А в это же время, спеша обалдело заткнуть возмутителя русской земли, решили завесть на Навального дело и с третьей попытки его завели. Он был консультантом, опасный повеса, хотя не платили за это монет, – и дал между делом главе Кировлеса какой-то не слишком полезный совет. От этого в мире случились убытки, финансовый кризис, седые виски – и даже на Родине с первой попытки не могут теперь ничего завести.
Меня не особенно радуют фронда, кухонные споры, кометы вино – но, судя по виду народного фронта, страну в безнадежный тупик завело. Мы как-то синхронно лишились подпитки – ни смысла, ни страсти, ни денег хотя б, – и это случилось не с первой попытки, а минимум с третьей, считая Октябрь.
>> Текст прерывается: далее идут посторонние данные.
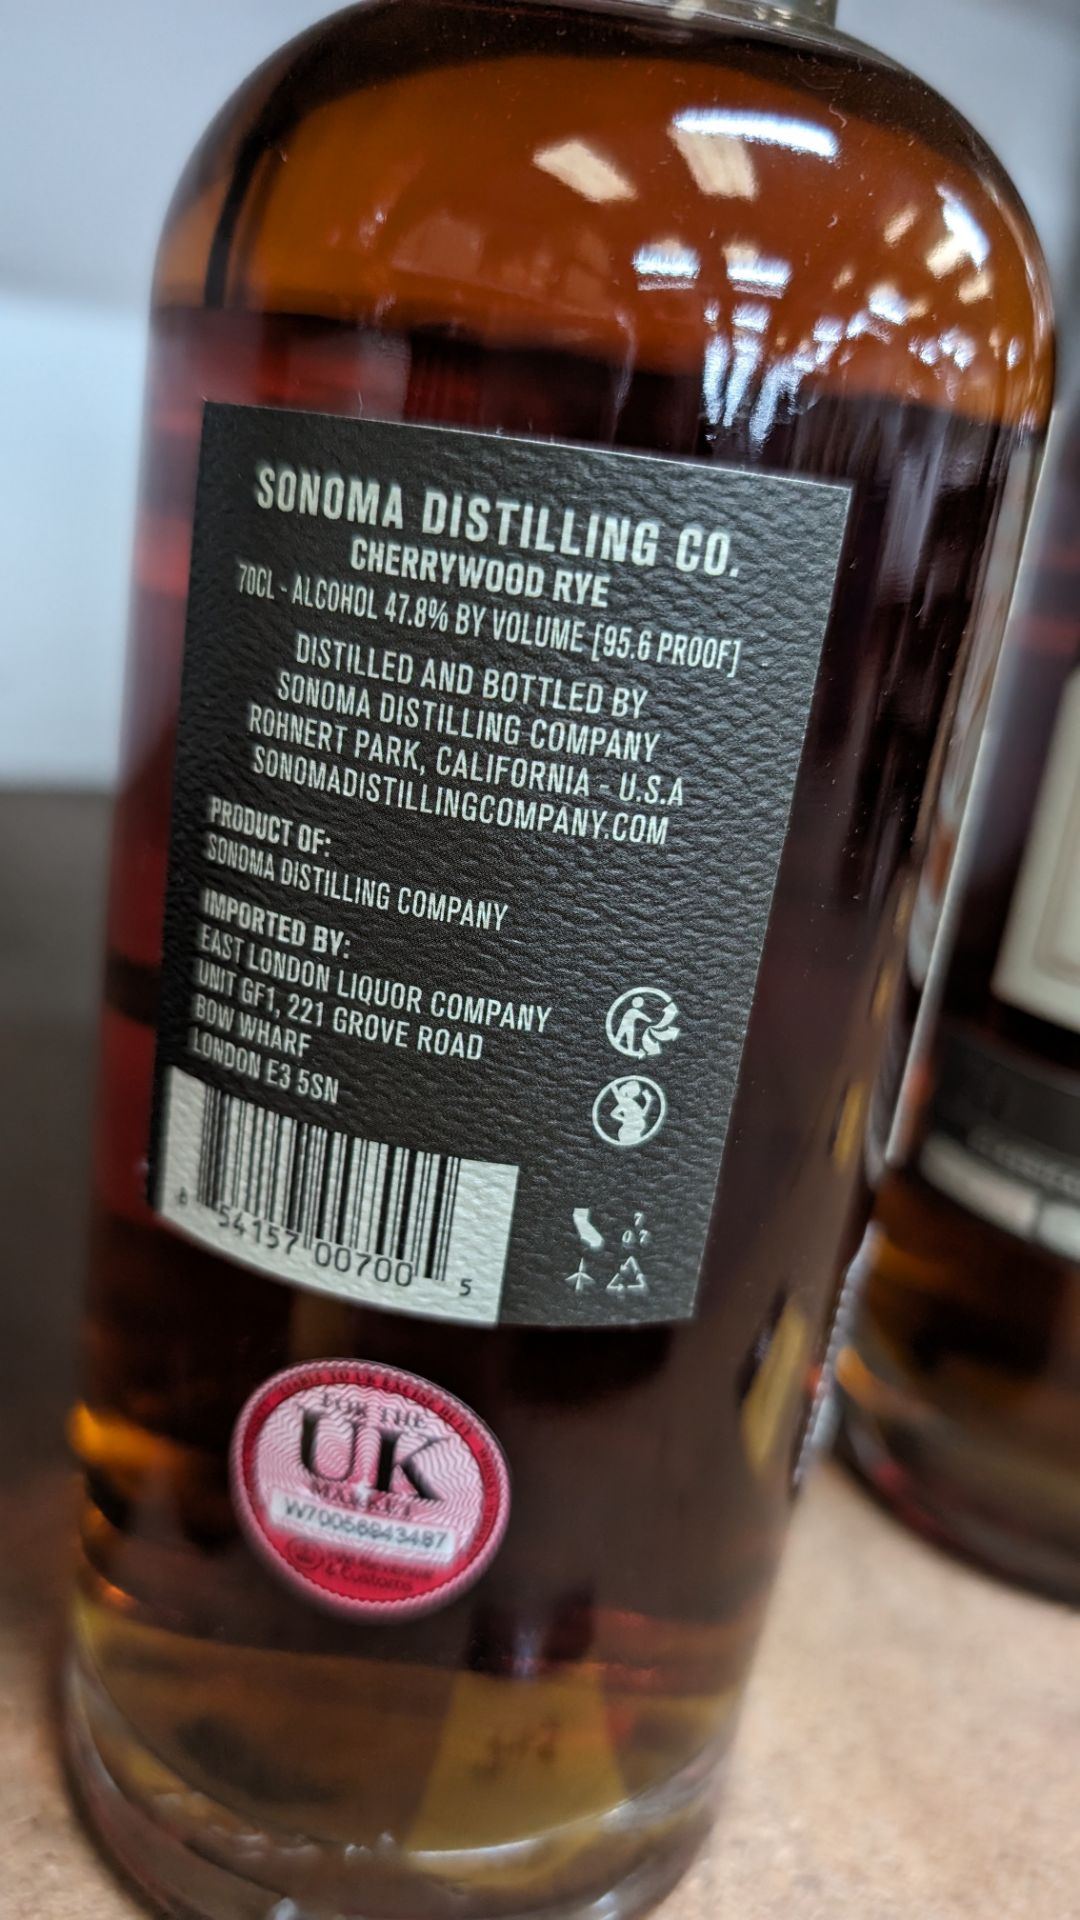 1 off 700ml bottle of Sonoma Cherrywood Rye Whiskey. 47.8% alc/vol (95.6 proof). Distilled and bot - Image 4 of 5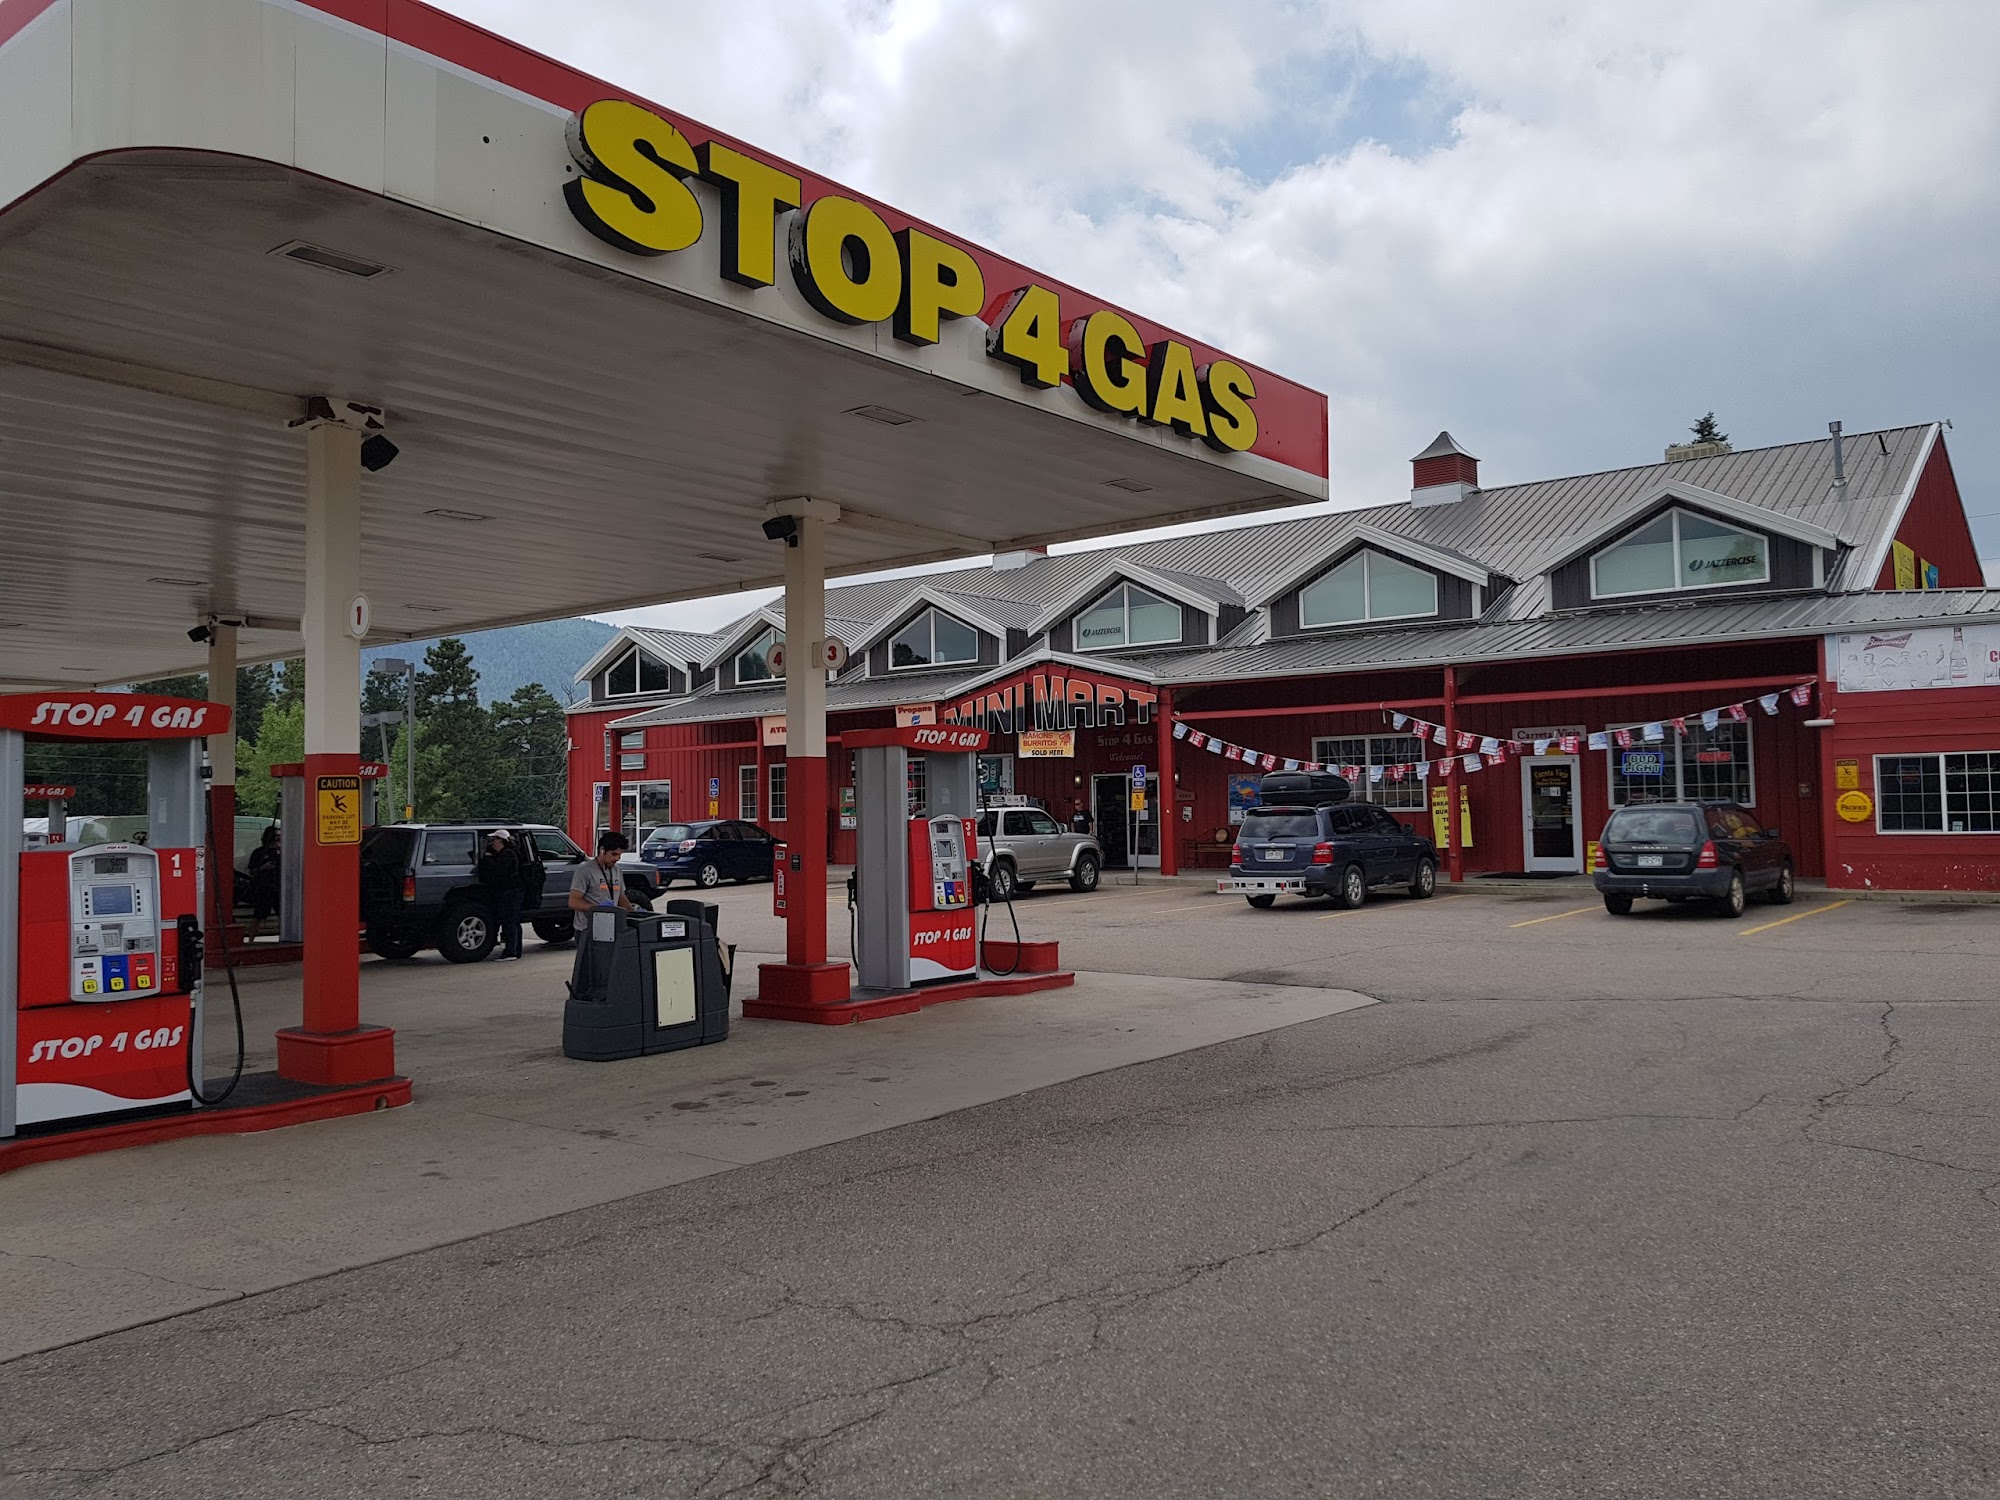 STOP 4 GAS

Исчезла не только газетная вольность, но даже энергия прежних времен. Воскликнем: «Сусанин, куда ты завел нас?!» – но где тот Сусанин? Не Путин же он? Не жду возвращенья советских идиллий, но чем предпочтительней жидкая грязь? Страну многократно туда заводили, и с энной попытки она завелась.
Боюсь, не помогут ни порции дуста, ни лесть и посулы грядущей орде – вот-вот тараканы у нас заведутся такие, каких не бывало нигде. Пока в интернете они колобродят, но скоро размножатся, как испокон, – да что и заводится там, где заводят седьмое столетье один патефон?
Реальность, похоже, разделась до нитки, смутив современников телом нагим. Все четче я вижу, что с новой попытки все это закончится чем-то другим. Не знаю покуда ни даты, ни года, – лажаться с конкретикой нам не впервой, – но кончен завод византийского хода, и вскорости лопнет маршрут круговой. Не то чтобы солнце свободы восходит, но как-то не греет привычная ложь.
Меня, если вдуматься, это заводит.
Ознакомительная версия.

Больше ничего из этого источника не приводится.